During pregnancy, the role of the placenta is multi‐functional. It serves as a source of nutrient and gas exchange at the maternal‐fetal interface, behaves as an immune barrier that protects the developing semi‐allogenic fetus from maternal antibodies, and is also an important endocrine organ that produces many hormones and growth factors.41 In women exposed to Cr at the worksite, epidemiological data have shown that these workers have elevated levels of Cr in their blood, urine, umbilical cord, and placental tissue. Adverse reproductive outcomes as a result of these exposures includes spontaneous abortions, fetal birth defects, stillbirths, preterm birth, problems with early emotional development, and neonatal death.42, 43, 44, 45, 46, 47 In studies done on pregnant Sprague Dawley rats, Banu et al48 found that exposure to Cr(VI) through drinking water led to increased apoptosis in trophoblast cells, as well in the epithelium of the mesometrial triangle vessels and of the yolk sac epithelium via the induction of caspase‐3‐ and p53‐dependent pathways.

While Cr(VI) exposure may have been the driving force behind the toxicity observed in our studies when cells were exposed to GMAW‐SS or SMAW‐SS, welders are exposed to a combination of heavy metals in the workplace.
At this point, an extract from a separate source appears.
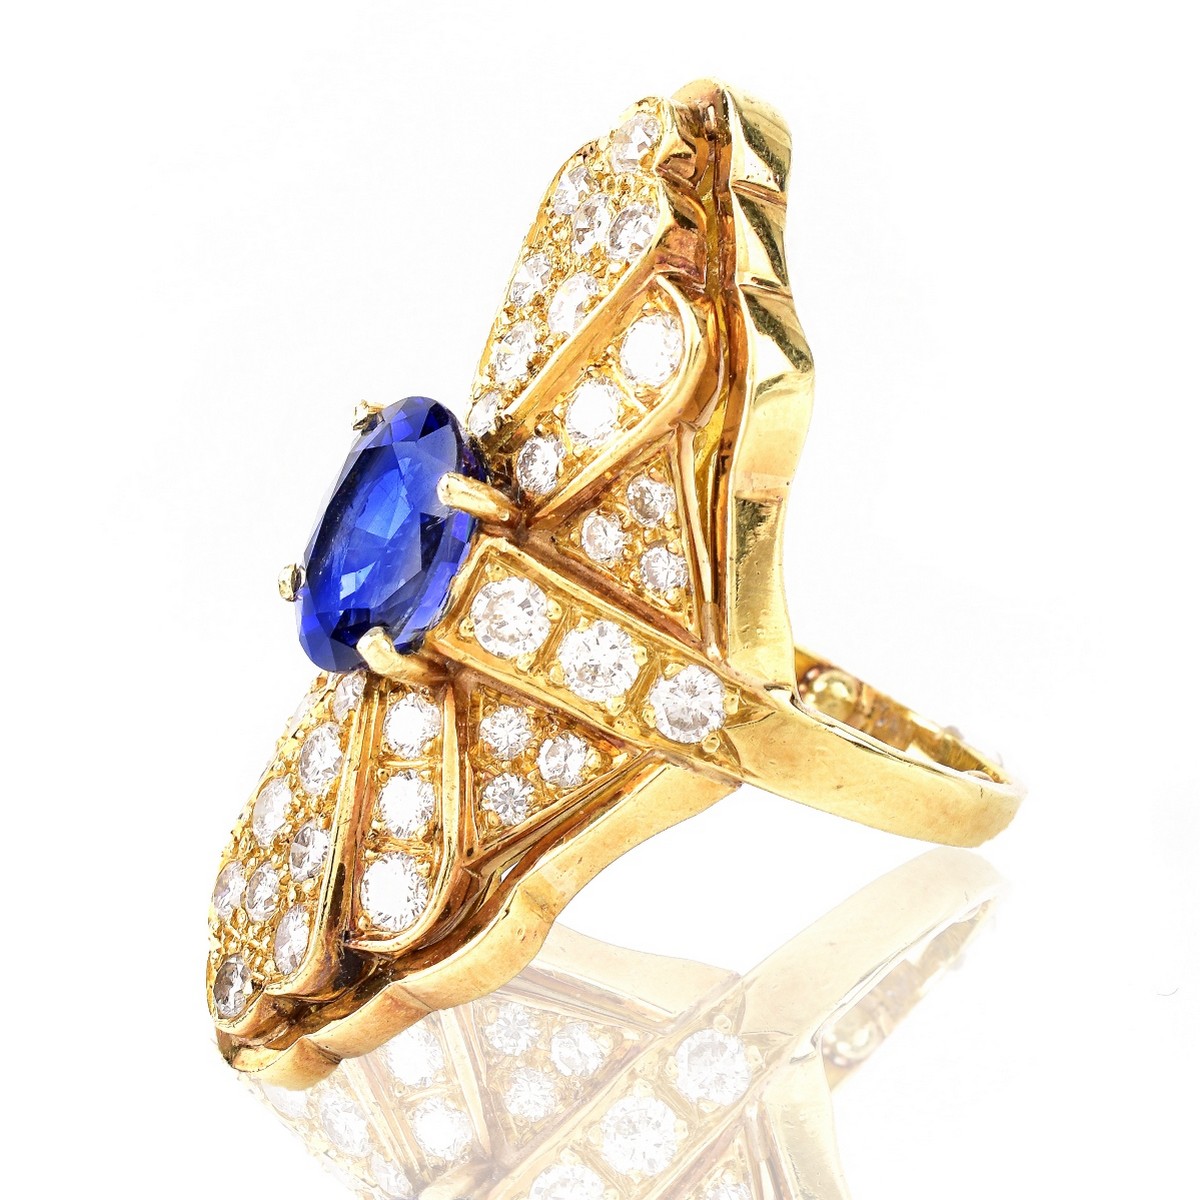 Sapphire, Diamond and 18K Gold Ring.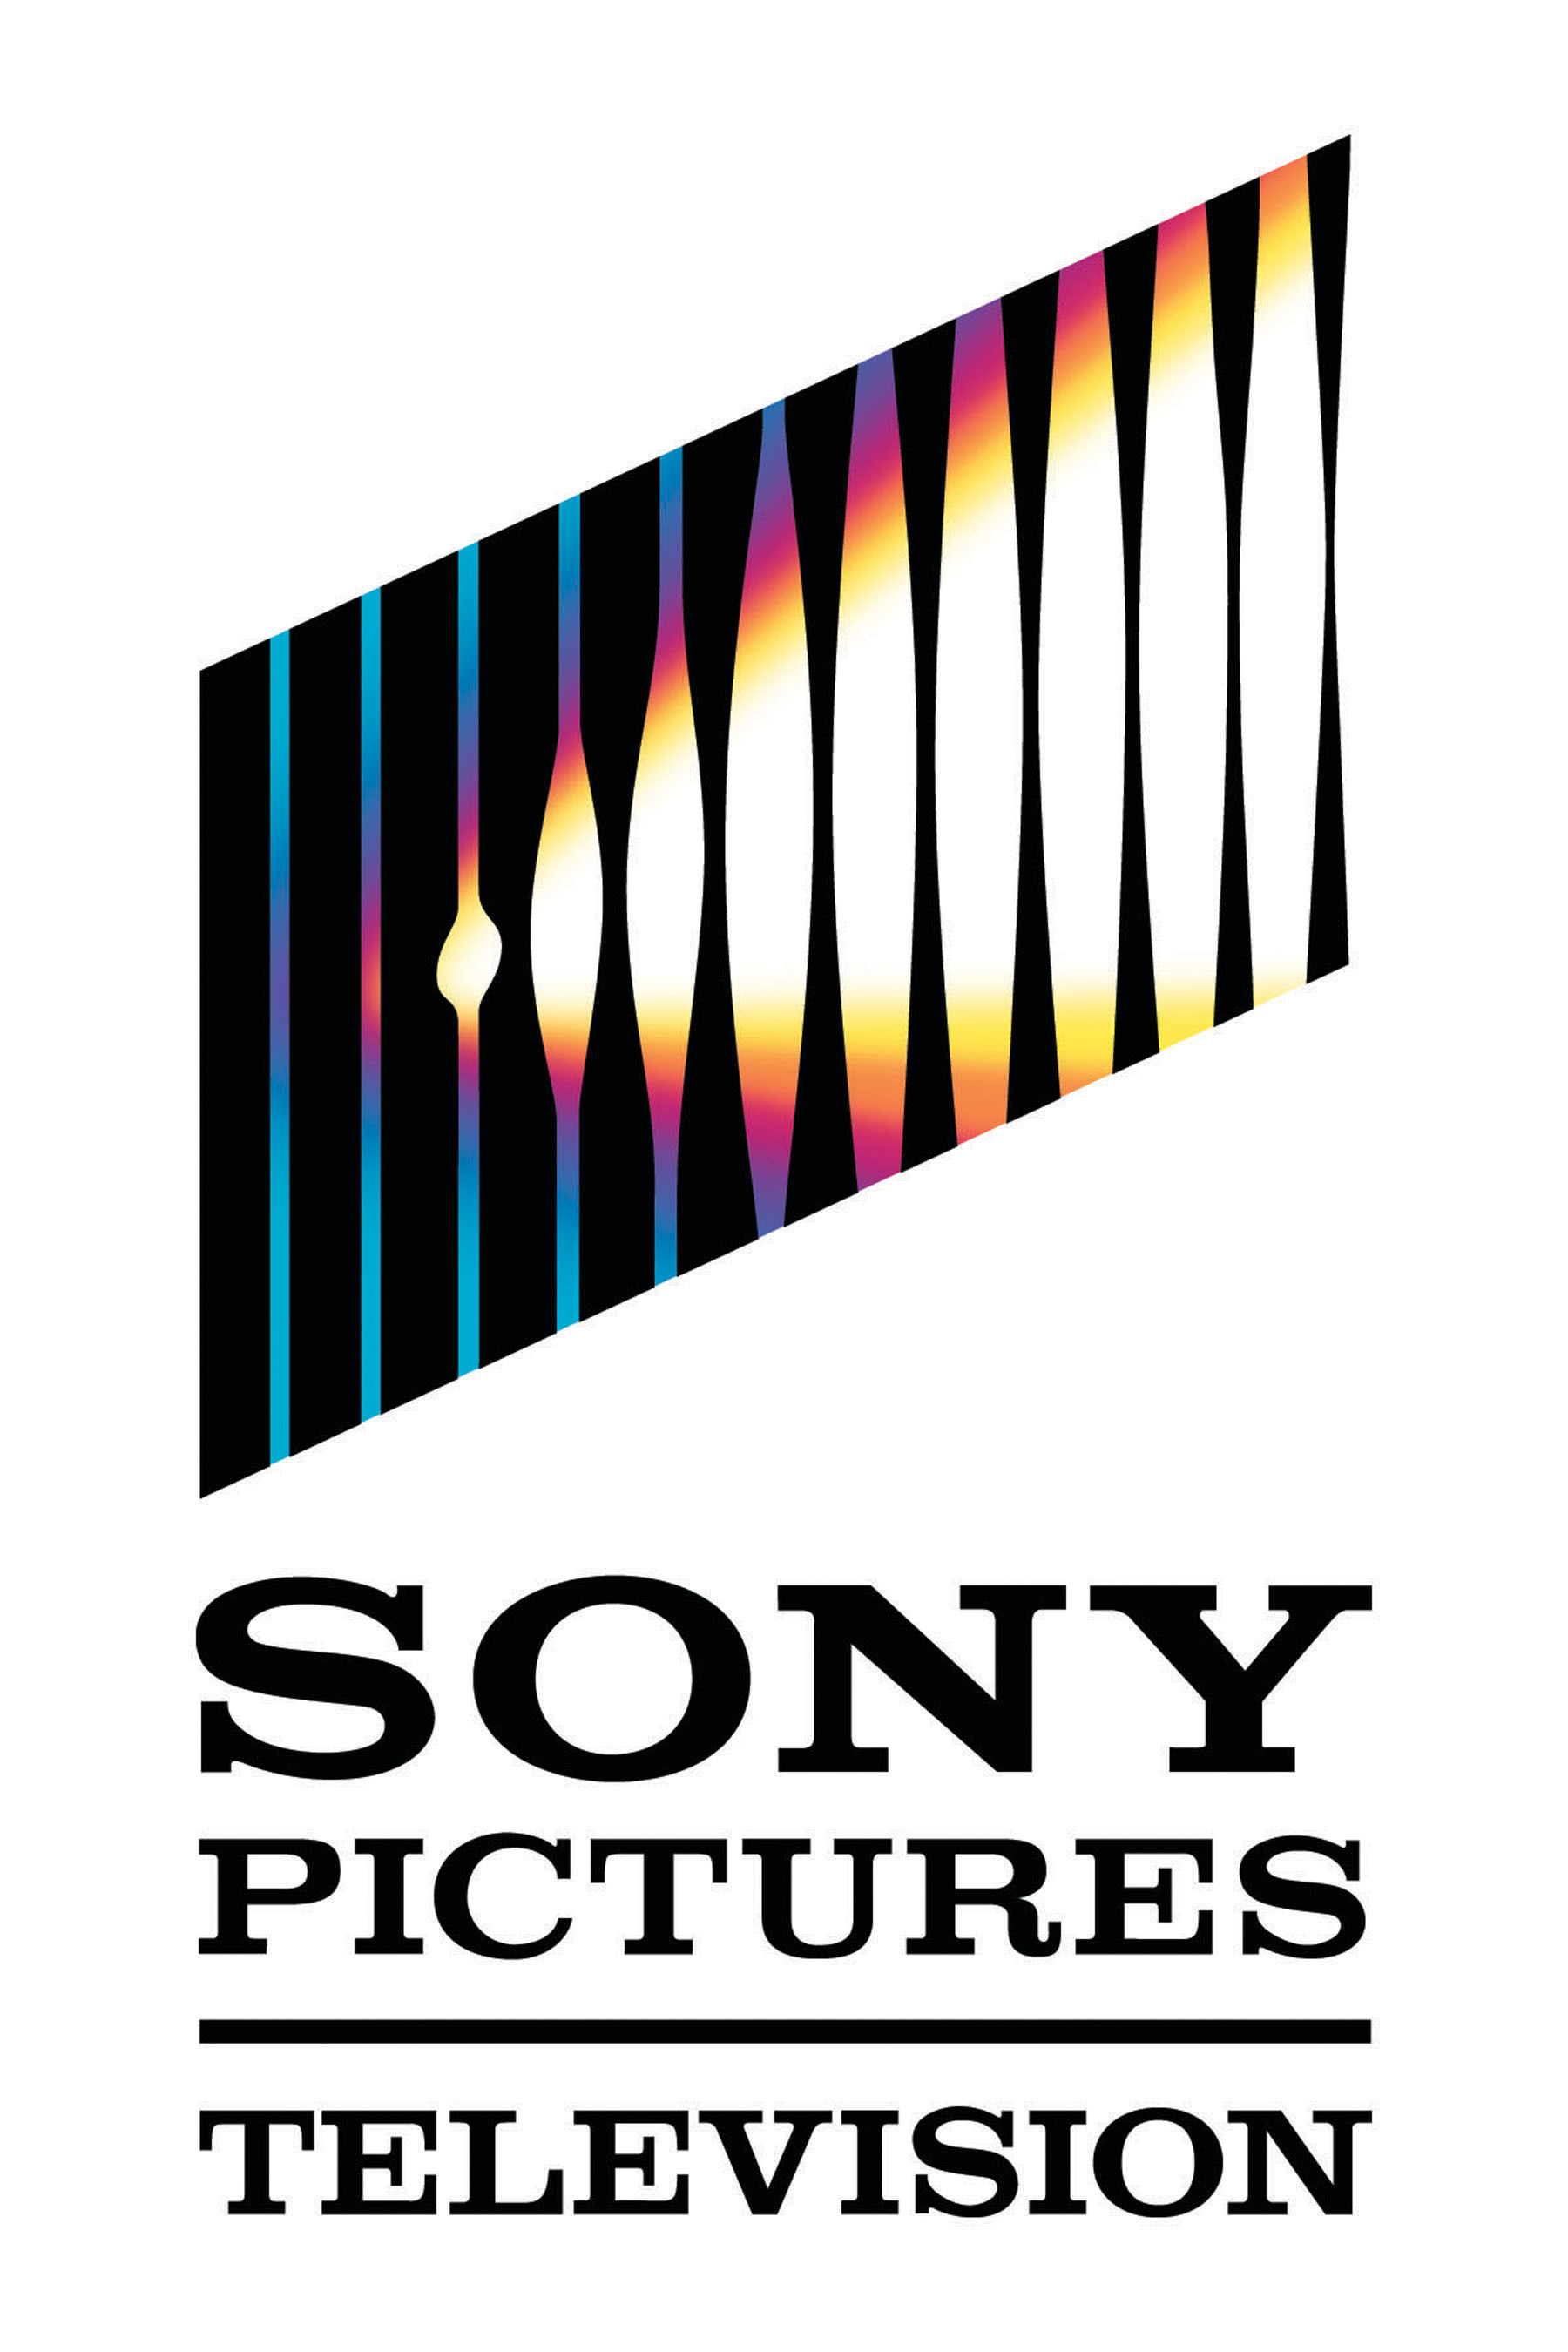 Sony Pictures Television logo.

In trophoblasts exposed to GMAW‐MS, which is primarily composed of Fe and Mn, significant decreases in cellular viability and invasion capabilities at 24 hours when compared to controls, along with the significant production of ^•OH and intracellular ROS, was still observed. In addition, out of the three welding fumes used in our experiments, it was only the GMAW‐MS (non‐soluble fraction) exposed trophoblasts that exhibited production of the pro‐inflammatory cytokines IL‐6 and IL‐8.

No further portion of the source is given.